The federal government should create a new strategy for disposing of spent nuclear fuel from power plants or recycling it, a Democratic congresswoman said in a hearing Tuesday.
“We have to find a storage solution for nuclear waste that does not abandon the communities that host nuclear reactors, whether that way is through reprocessing, permanent storage or some combination,” Rep. Diana DeGette (D-Colo.) said in her opening statement at a hearing of the House Energy and Commerce energy, climate and grid security subcommittee, of which she is the ranking member.
The subcommittee on Tuesday called in the four commissioners of the Nuclear Regulatory Commission to testify about the agency’s 2025 budget request, and about the agency’s plans for complying with the ADVANCE Act, a package of nuclear policy reforms passed into law this month.
Lawmakers concentrated most of their questioning on the ADVANCE Act, which passed only weeks before the hearing and which the NRC is still studying, one commissioner said.
“I think right now there’s a fair amount of digesting it,” Commissioner Annie Caputo said Tuesday. “We’ve had a memo from the general council on specific requirements [but] it’ll take some time I think to implement some of the other programs, like a review of our oversight and inspection.”
After DeGette’s opening statement, there was little talk of permanent storage for spent nuclear fuel and high-level radioactive waste at Tuesday’s hearing.
NRC will eventually license a deep geologic repository for high-level waste, if the Department of Energy ever builds one, but the commission has no regulatory power that can enable consolidation of spent fuel now, at least not while the Fifth Circuit Court of Appeals’ ban on NRC-licensed interim storage holds.

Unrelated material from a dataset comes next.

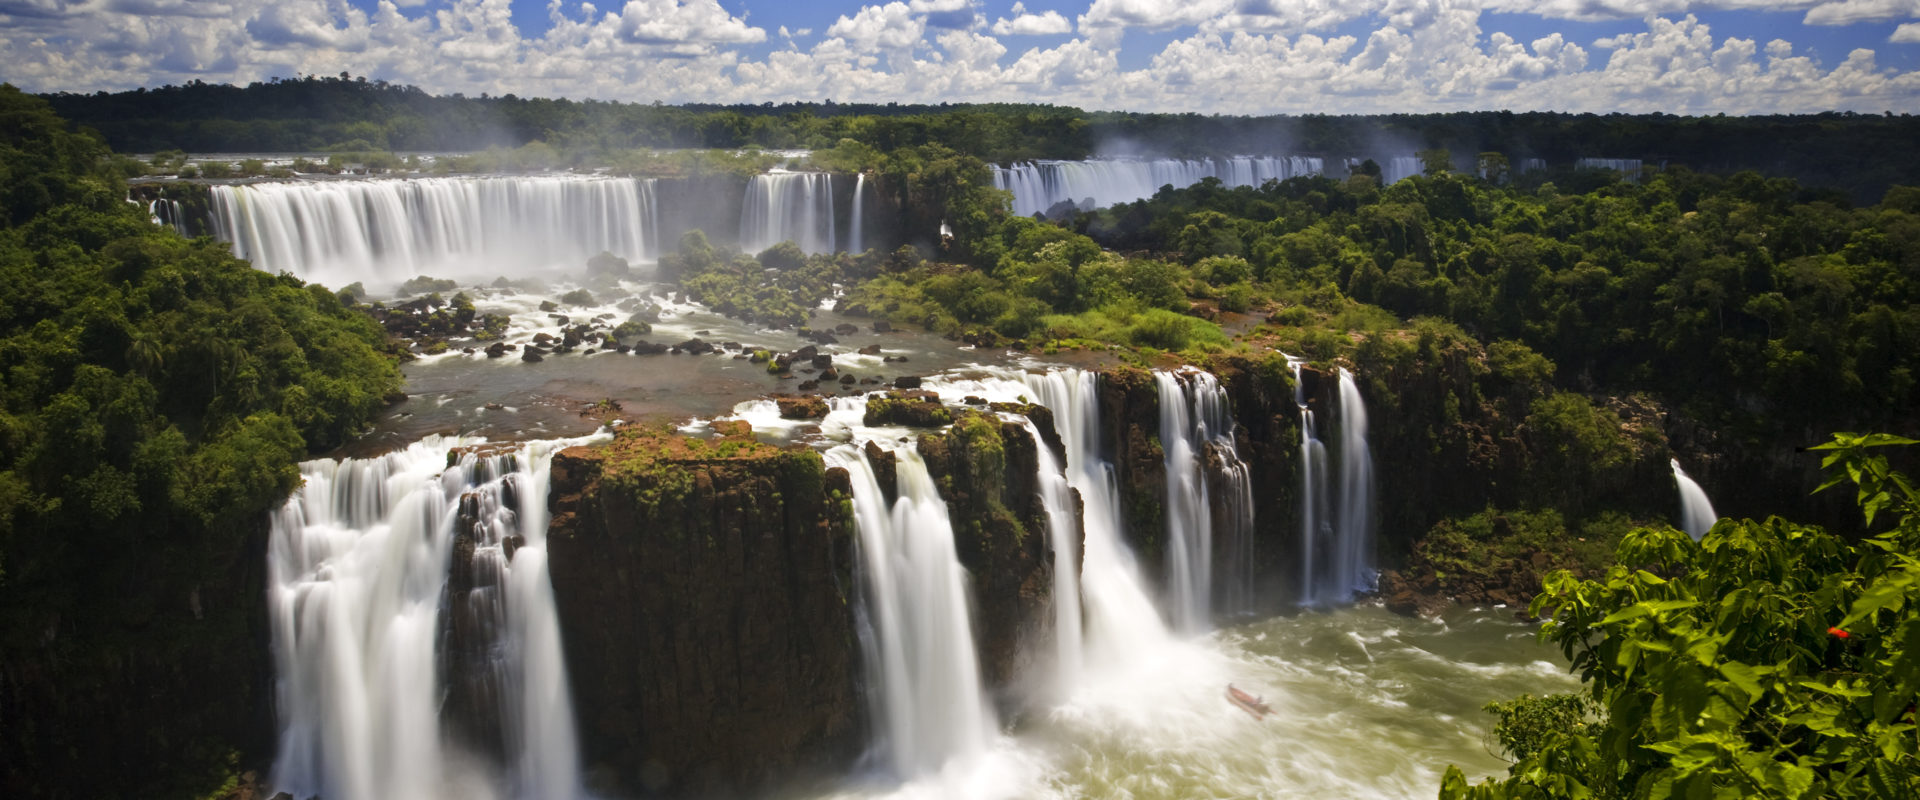 Iguaçu Falls is the largest series of waterfalls on the planet

With a federal challenge to that ban pending before the U.S. Supreme Court, the highest court in the land and an independent branch of the federal government, Caputo declined to comment about the future of commission-licensed spent-fuel storage.

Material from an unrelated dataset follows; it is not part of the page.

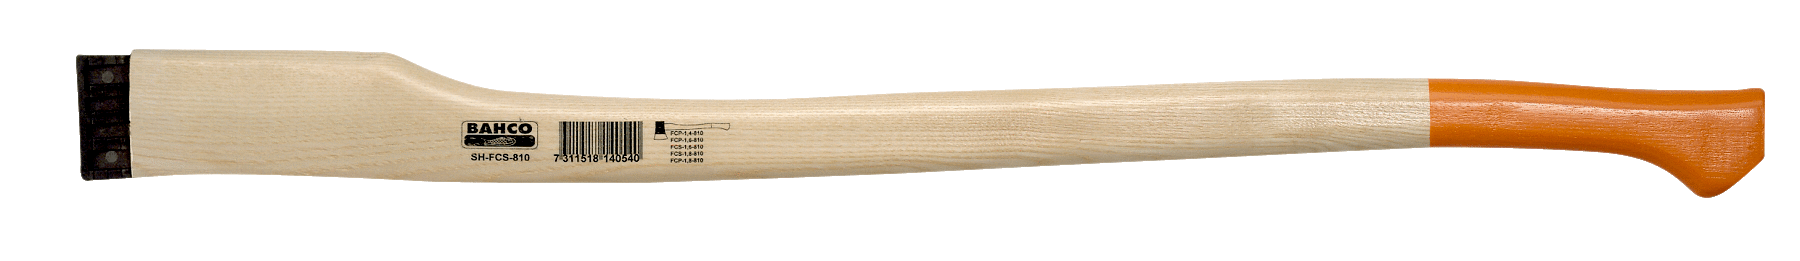 Bahco SH-MCS-800 Spare Handles for pick  Axes of Ash Wood 800mm Beige

Christopher Hanson, the commissioner’s chair, said only that the NRC was “monitoring” DOE’s plans for spent civilian fuel.
Rep. August Pfluger (R-Texas), whose district includes one of the two proposed commercial interim storage sites stripped of its license by the Fifth Circuit, also waded into the issue, if briefly.
Pfluger, who opposed adding an interim spent fuel site to an existing Waste Control Specialists facility in Andrews County, said he agreed with DeGette that “we need a permanent site.”
Without saying where, Pfluger added, “I think I know where that is.”